Literature [1] proposed a branch structure directly composed of photovoltaic panels in series, and literature [2] proposed a multi-branch structure. Both of them can only solve the problem of maximum power point tracking without shadow affecting branches, but cannot solve The maximum power point tracking problem for branches affected by shadows. Literature [3] proposed the circuit idea of AC Module, which can fundamentally solve the shadow problem, but since each photovoltaic panel has an independent power inverter, each power inverter must work in real time, so for For high power systems, not only the cost is very high, but the overall efficiency is not high. Literature [4] proposes a DC Module circuit, each photovoltaic panel has an independent DC/DC converter, and then multiple DC Module circuits are connected in series to share an inverter device. This circuit can also solve the problem of partial shading, but each DC Module circuit also works in real time, and the circuit itself must have power loss, so the efficiency of the entire system is reduced. At the same time, if the DC Module circuit fails, the photovoltaic panel cannot work properly, may cause overall system performance to degrade. Literature [5] proposes a bypass DC/DC module integrated converter structure based on the branch circuit structure. Only when the shadow appears, the corresponding bypass DC/DC conversion circuit starts to work, which can solve the problem of literature [4]. In ], the power loss caused by the real-time operation of the DC Module circuit itself, but due to the mutual influence between the bypass DC/DC conversion circuits, the maximum power point tracking speed is relatively slow, and the control algorithm is also relatively complicated, and the circuit also has post-fault effects Overall system performance issues.

For the inverter circuit device, it is usually designed for the maximum power of the photovoltaic array. If the output power of the photovoltaic array is very large, a single inverter circuit device is used to realize it, and the rated capacity of the power components of the main circuit must be very large. However, when the light intensity becomes weak, the output power of the photovoltaic array itself is not large, which causes the overall efficiency to be low. At the same time, from the perspective of safety and reliability, once a single inverter circuit device fails, the entire photovoltaic power generation system must stop running, which is very dangerous for important occasions. Literature [6] proposes a master-slave circuit structure based on inverter power units. One master inverter power unit controls whether other slave inverter power units are put into operation according to the actual power, which can solve the problem of overall efficiency and safety reliability. Unite. However, since the master inverter power unit is always put into operation, there is a problem that the service life of the master inverter power unit is shorter than that of other slave inverter power units.
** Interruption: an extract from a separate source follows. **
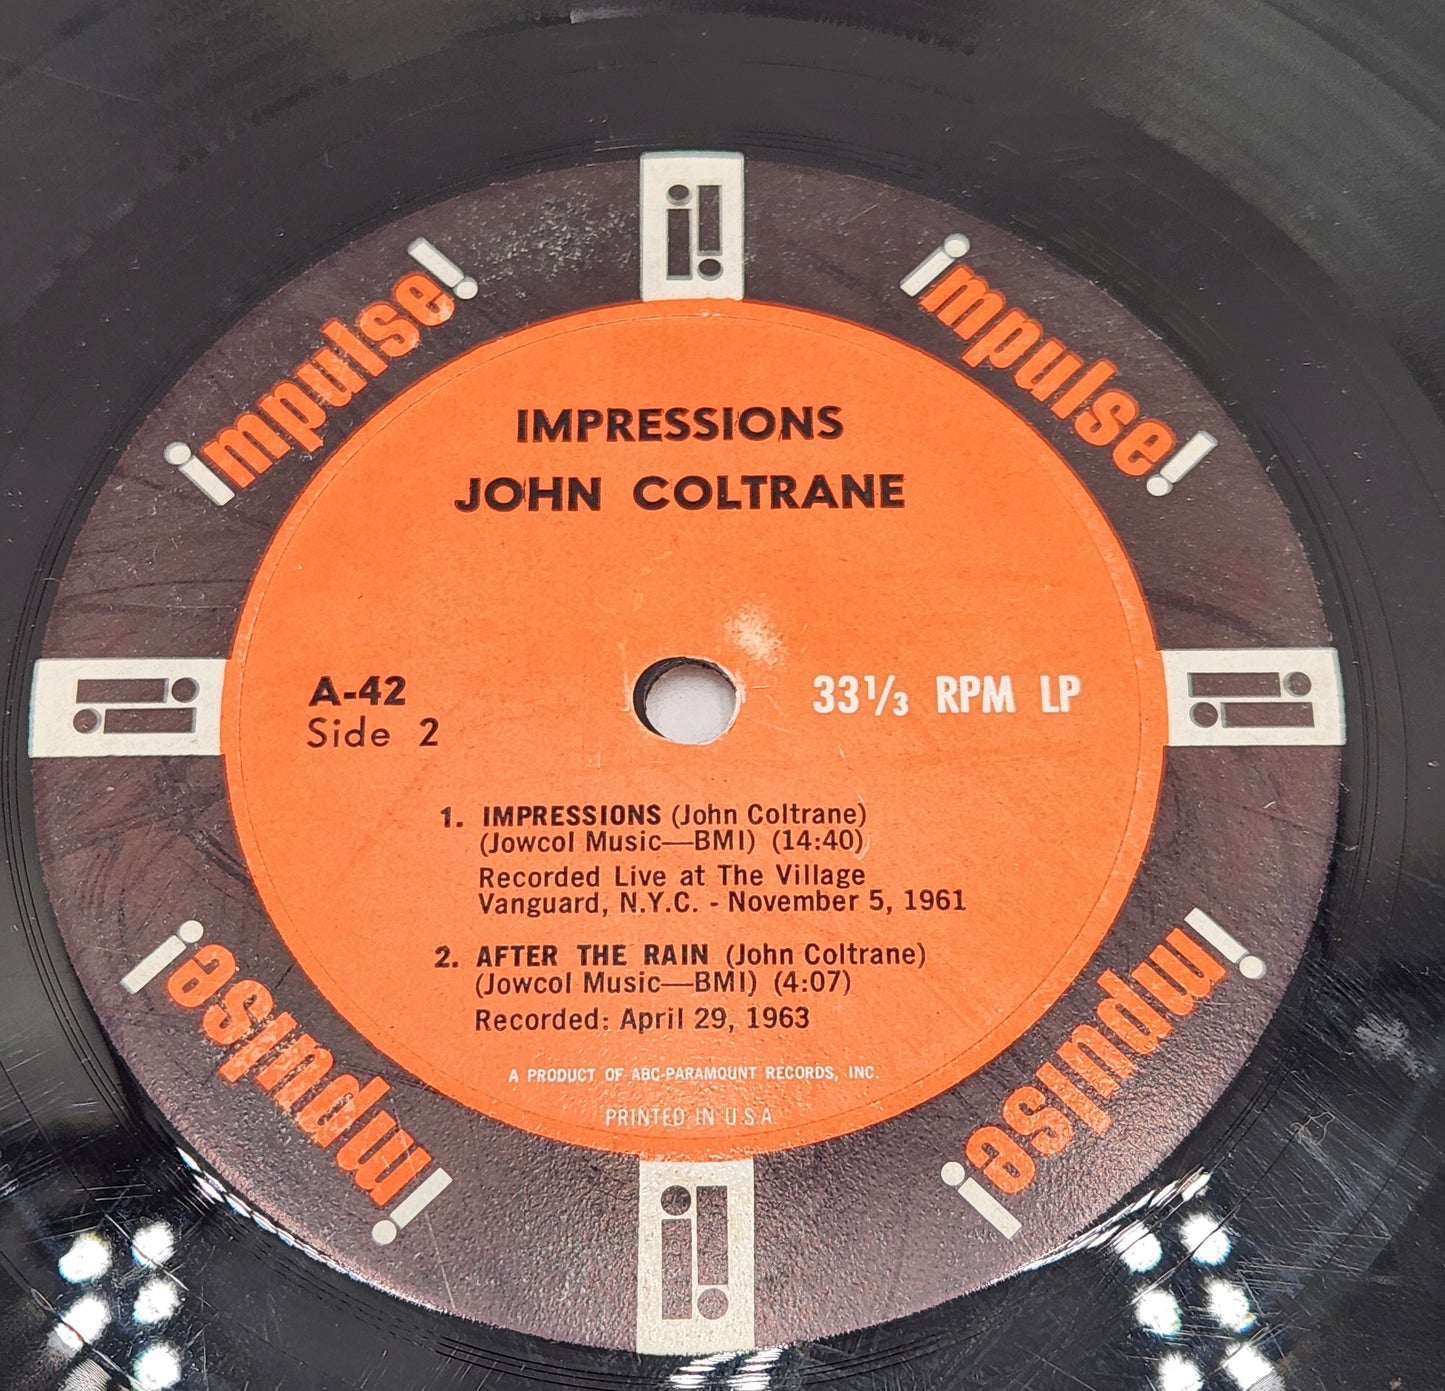 John Coltrane "Impressions" 1963 1st Mono Pressing Jazz Record Album

Literature [1] B.Verhoeven et al., Utility aspects of grid connected photovoltaic power systems (1998). International energy agency photovoltaic power systems, IEA PVPS T5-01:1998. [online]. Available: www.iea-pvps.org .

Literature [2] M.Meinhardt and G.Cramer, "Past, present and future of gridconnected photovoltaic-and hybrid-power-systems," in Proc.IEEE-PES Summermeeting, vol.2, 2000, pp.1283-1288.

Literature [3] Gross M.A., Martin S.O., Pearsall N.M., "Estimation of outputenhancement of a partially shaded BIPV array by the use of AC modules," Photovoltaic Specialists Conference, Conference Record of the Twenty-sixth IEEE, pp.13481, 2-1 Sept.-3 Oct.1997.

Literature [4] G.R.Walker and P.C.Sernia, "Cascaded DC-DC converterconnection of photovoltaic modules," IEEE Transactions on Power Electronics, vol.19, no.4, pp.1130-1139, July 2004.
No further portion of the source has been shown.